Your instructions →
In the material below, find the line containing "Animalz - 3D" and the line containing "Newlyweds stand under". Output those two lines and all lines between them exactly, without pictures.
Data to use section start
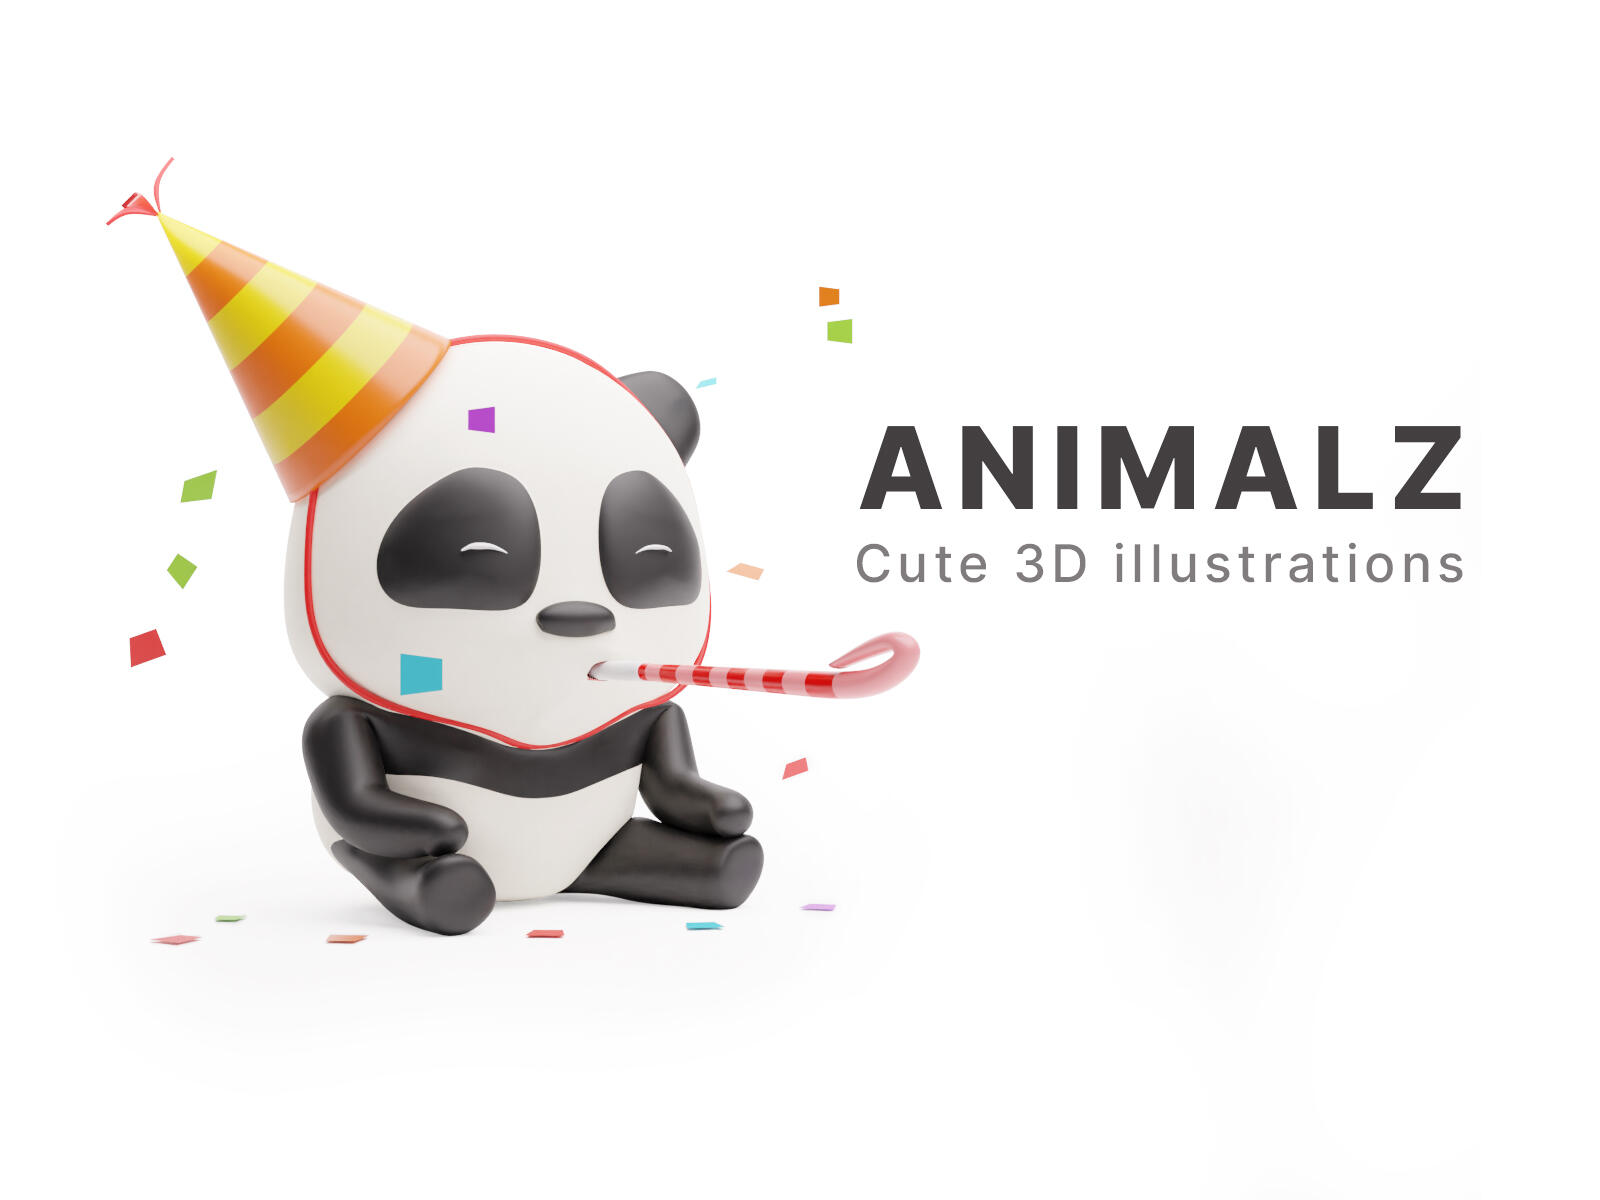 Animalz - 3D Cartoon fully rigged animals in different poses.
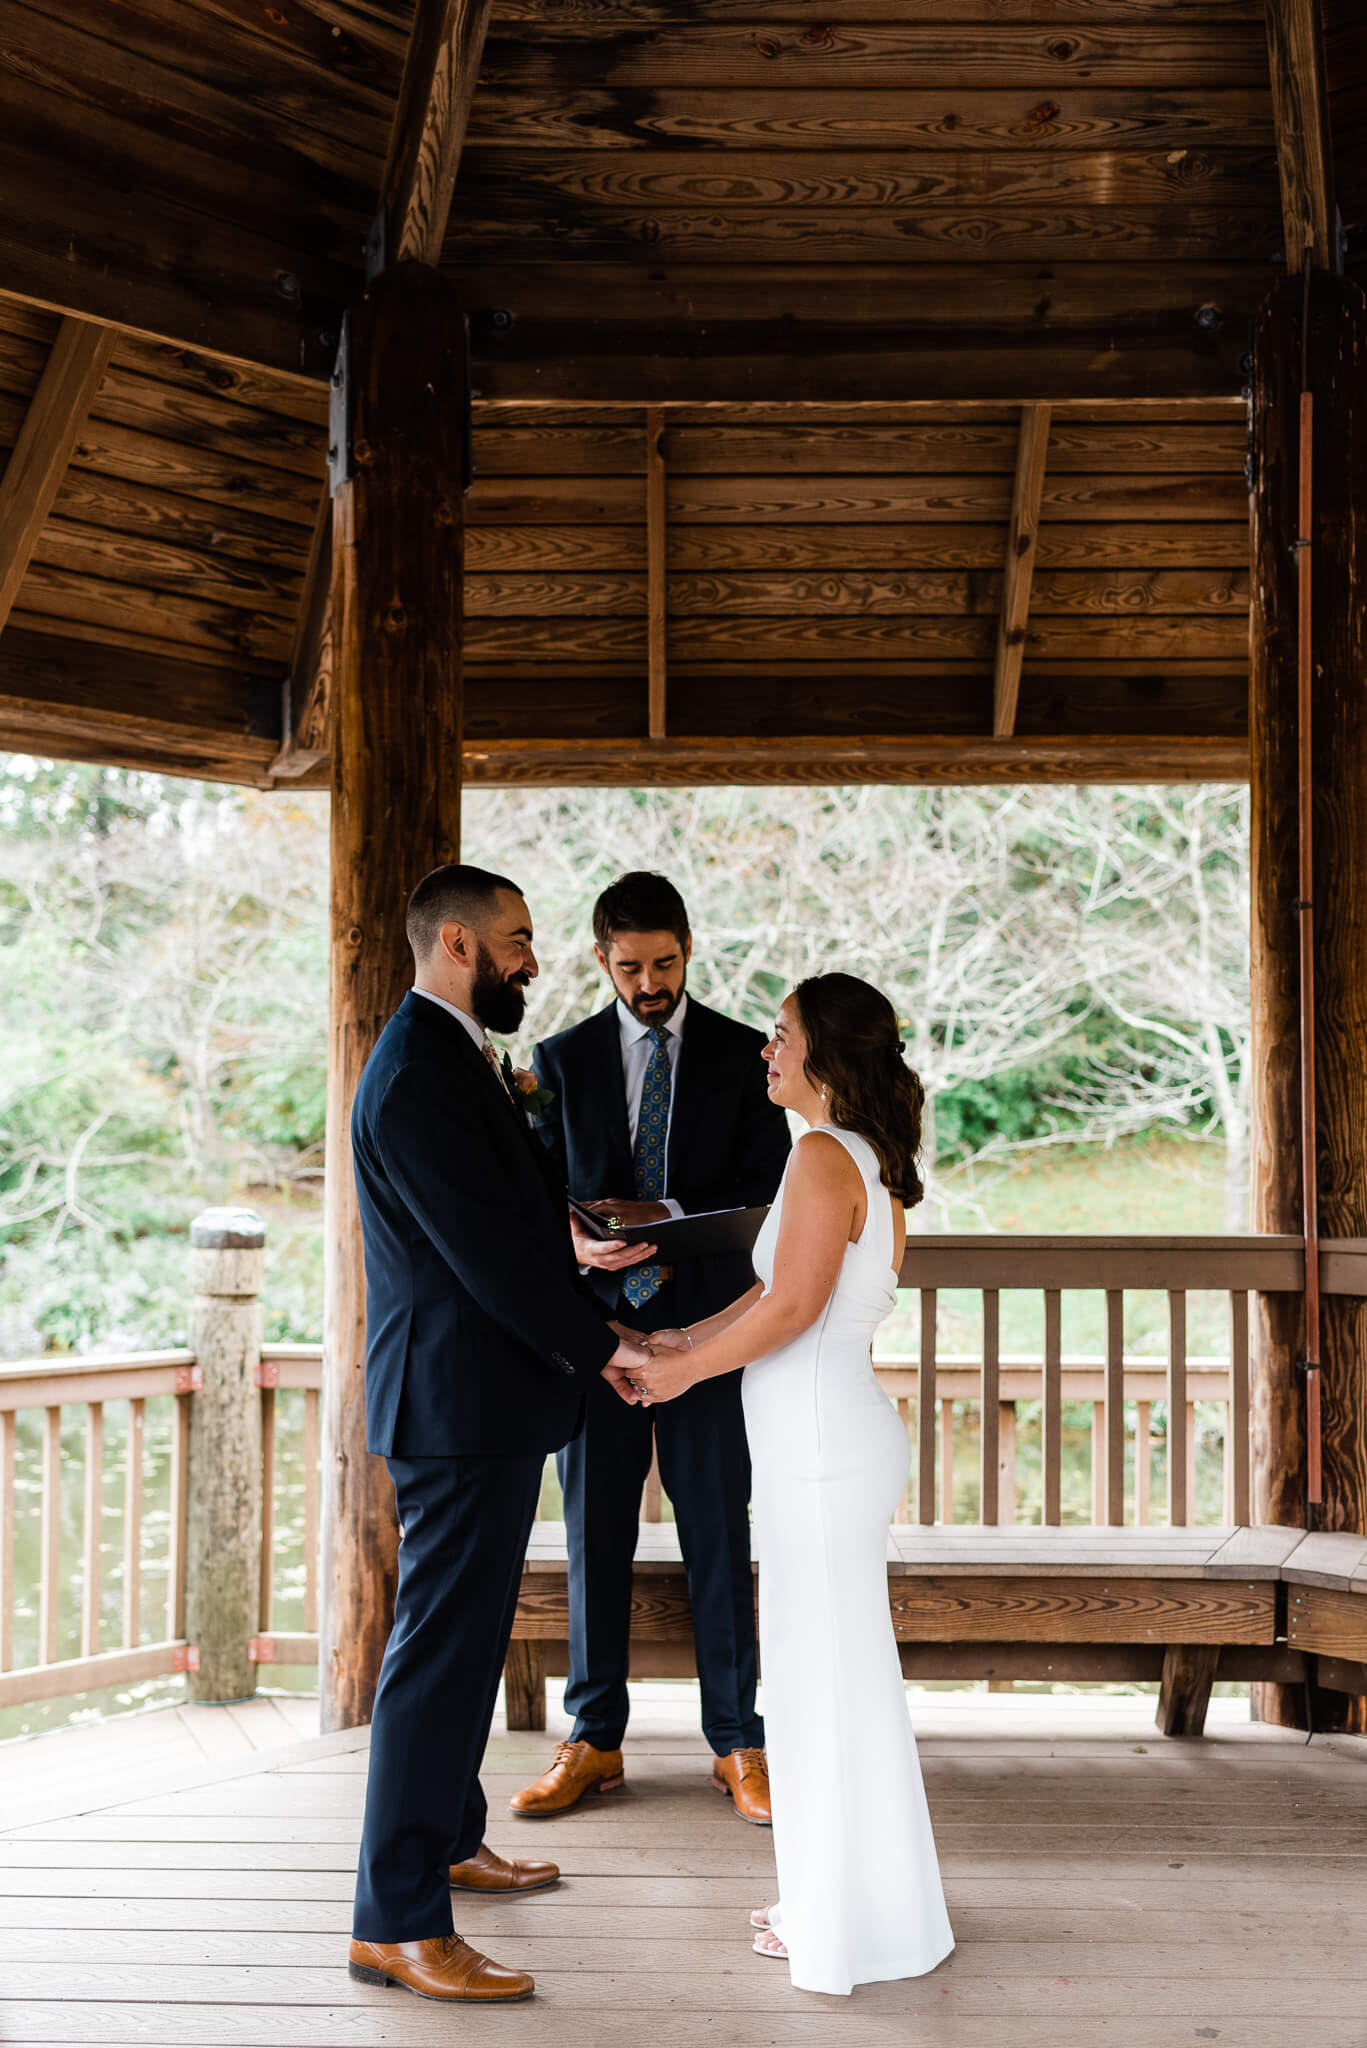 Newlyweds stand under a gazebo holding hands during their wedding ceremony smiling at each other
Data to use section end
Data to use section start
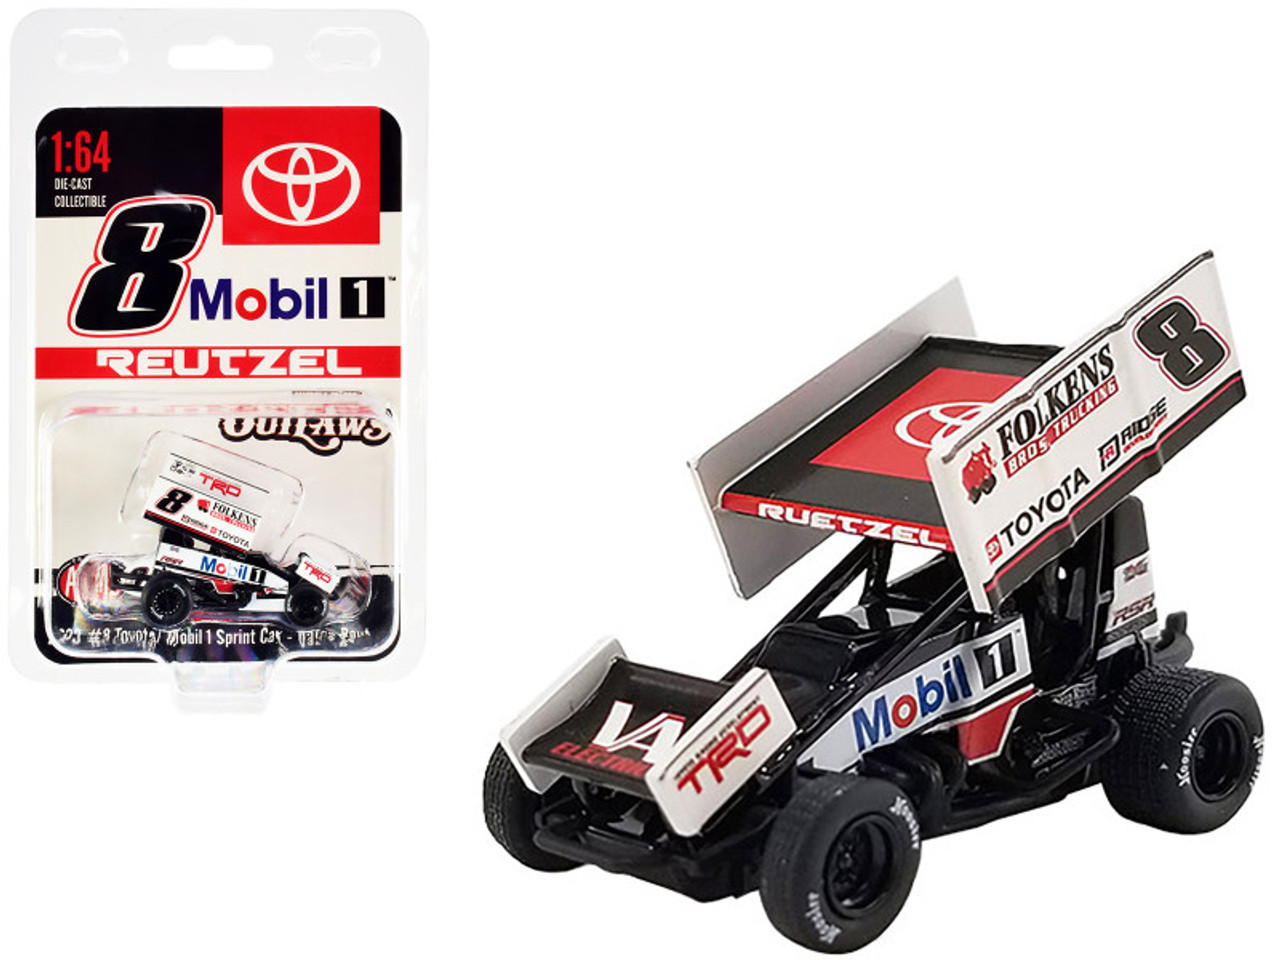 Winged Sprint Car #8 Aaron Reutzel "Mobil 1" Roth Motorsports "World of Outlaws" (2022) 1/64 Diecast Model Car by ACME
Data to use section end
Data to use section start
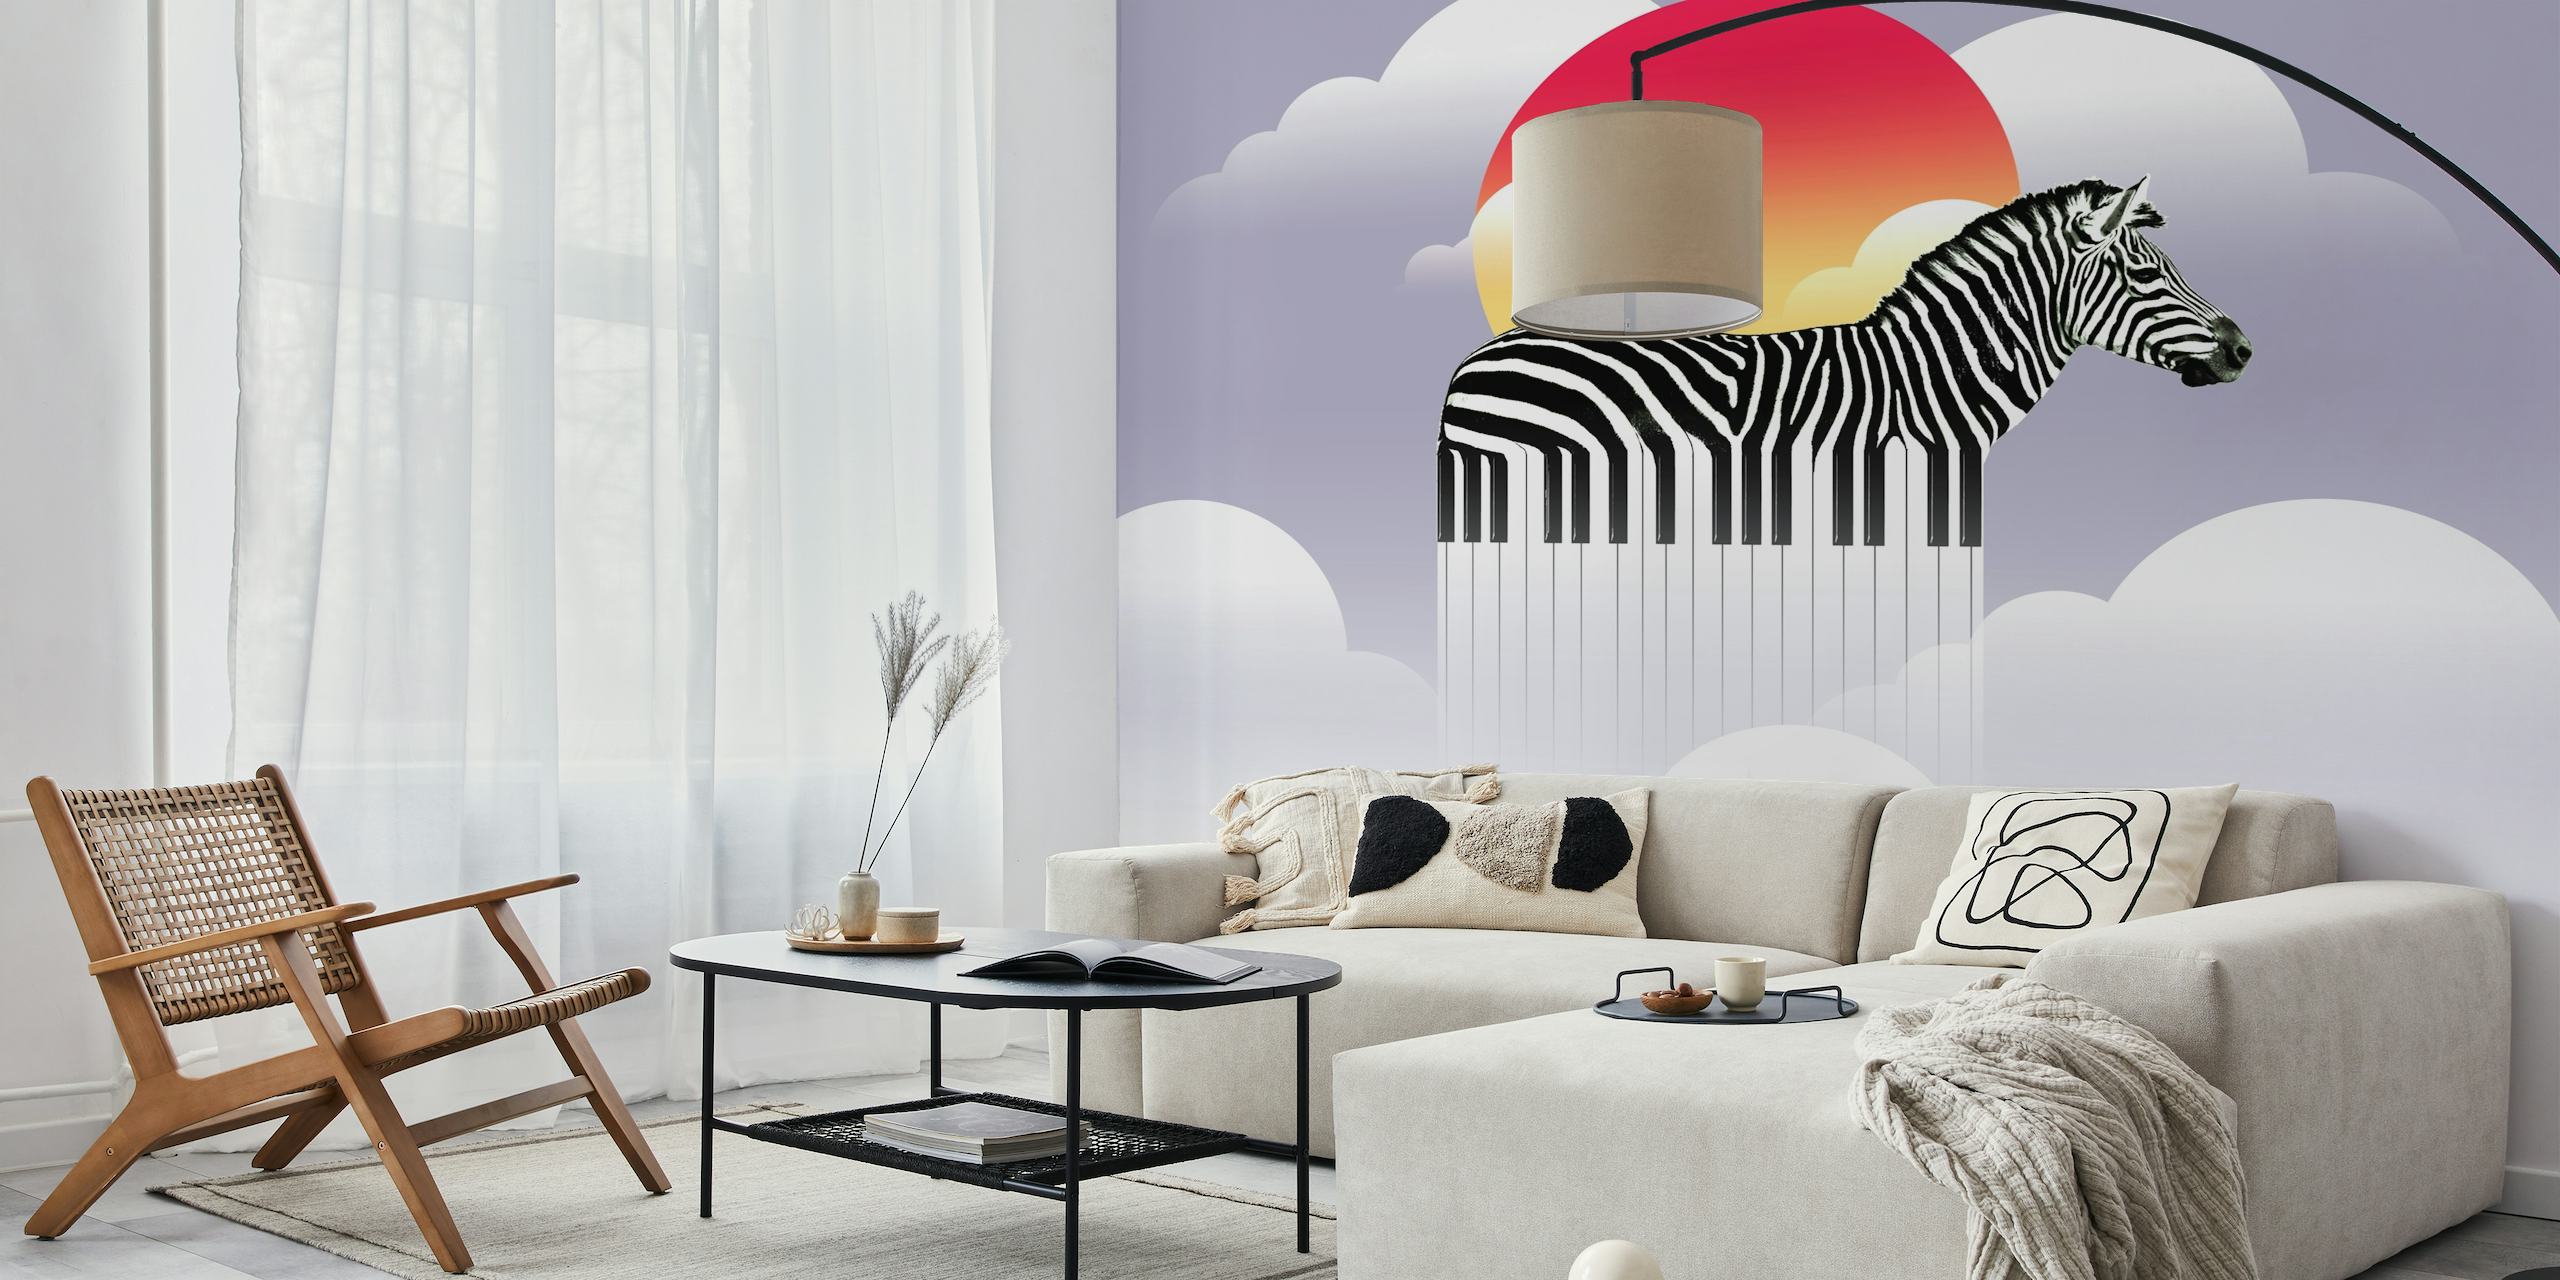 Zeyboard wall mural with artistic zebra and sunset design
Data to use section end
Exercise answer →
 Animalz - 3D Cartoon fully rigged animals in different poses.
 Newlyweds stand under a gazebo holding hands during their wedding ceremony smiling at each other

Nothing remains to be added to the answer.